As a further limitation of the present invention, step 8) specifically comprises:
8-1) according to the characteristics of Chinese language, the evaluation objects are mostly nouns or verbs, and the evaluation words are mostly adjectives or verbs;
8-2) extracting an evaluation object and an evaluation word according to the part of speech, namely commodity attribute and emotion word;
8-3) traversing the obtained evaluation object and the evaluation words according to the dependency syntax tree to judge whether negative words exist between the evaluation object and the evaluation words, if yes, counting the number of the negative words by +1, and if traversing to cumulatively add a plurality of negative words until the traversal is finished, performing parity judgment on the number of the negative words. If the negative word is odd, the assignment of the corresponding negative word is-1, and if the negative word is even, the assignment of the corresponding negative word is + 1;
8-4) traversing whether a degree word exists between the obtained evaluation object and the evaluation word according to the dependency syntax tree, and if the degree word exists in a plurality of evaluation objects, accumulating the number of the degree words to obtain the number of the degree words of the collocation pair;
8-5) finally forming the evaluation matching pairs of the commodity attributes, the negative words, the degree words and the emotional words.
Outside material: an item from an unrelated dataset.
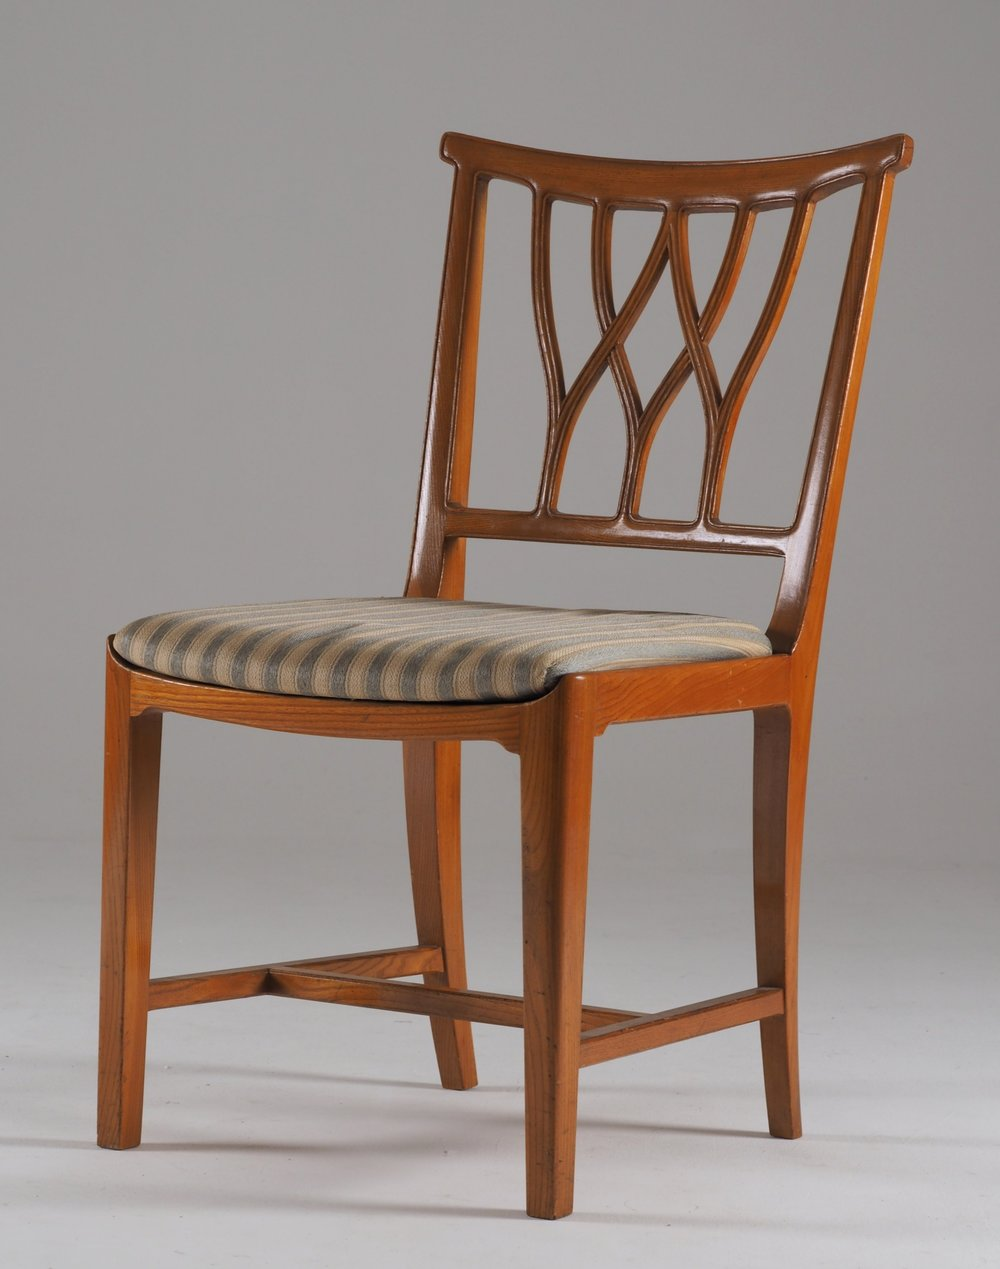 Runar Engblom 8 chairs 1940´s. & Runar Engblom 8 chairs 1940´s. u2014 Karlsson | Wickman

As a further limitation of the present invention, step 9) specifically comprises:
according to the commodity attribute a appearing n times, the commendation and derogation calculation formula is as follows:
score is the sentiment value of the commodity attribute a,for the ith time of the occurrence of the commodity attribute, the private is the value (-1 or + 1) of the negative word corresponding to the ith commodity attribute, and the degree is the number of degree adverbs corresponding to the ith commodity attribute; thus, the commodity attribute emotional value is calculated, and the same evaluation object is accumulated and calculated;
and judging whether all the extracted evaluation objects are commendably and commendably, and sorting and arranging the final results by using bubble sorting.
A visual interactive interface, which can execute all the steps of the claims, can well display the emotion value in a bar chart form, and is added with a plurality of friendly interactive functions, comprising: loading, logging in, logging out, modifying the password, logging in the use state of the user and the like.
Compared with the prior art, the invention adopting the technical scheme has the following technical effects:
according to the method, a basic emotion dictionary is constructed by obtaining commodity page comment data of an e-commerce website and preprocessing the commodity page comment data; carrying out Word vector training on the obtained preprocessed data set through a Word2Vec tool and generating a semantic similarity matrix so as to establish a probability transition matrix, and generating a final emotion dictionary through an LPA (low-power amplifier) label propagation algorithm by combining a seed Word set; processing the obtained commodity comment text based on the core sentence rule to obtain a comment text with redundancy removed; preprocessing the obtained text without redundancy, forming a dependency relationship tree for the obtained word segmentation data set based on dependency relationship and syntactic characteristics, generating SBV, VOB, ATT, CMP and COO dependency relationship pairs, extracting < commodity attribute, negative word, degree word and emotional word > evaluation matching pairs, combining an emotional dictionary, performing positive and negative value calculation and quality sequencing on the commodity attribute, and finally realizing through a visual interactive interface; the accuracy, real-time performance, automation and convenience of the comment data analysis can be realized at the same time.
Drawings
FIG. 1 is a flow chart of the present invention.
Detailed Description
The technical scheme of the invention is further explained in detail by combining the attached drawings:
the technical scheme of the invention constructs an emotion dictionary suitable for commodity comments by using a word vector trained by a neural network model and combining an LTP label propagation algorithm; designing a commodity attribute identification and extraction algorithm based on the core sentence rule, the dependency relationship and the syntactic characteristics; and a comment analysis system based on word vectors and syntactic characteristics is constructed by combining the technical scheme, the satisfaction degree of the user on each attribute of the commodity is obtained according to the analysis result, the advantages and disadvantages of the commodity are summarized, and then data visualization is carried out on the analysis result.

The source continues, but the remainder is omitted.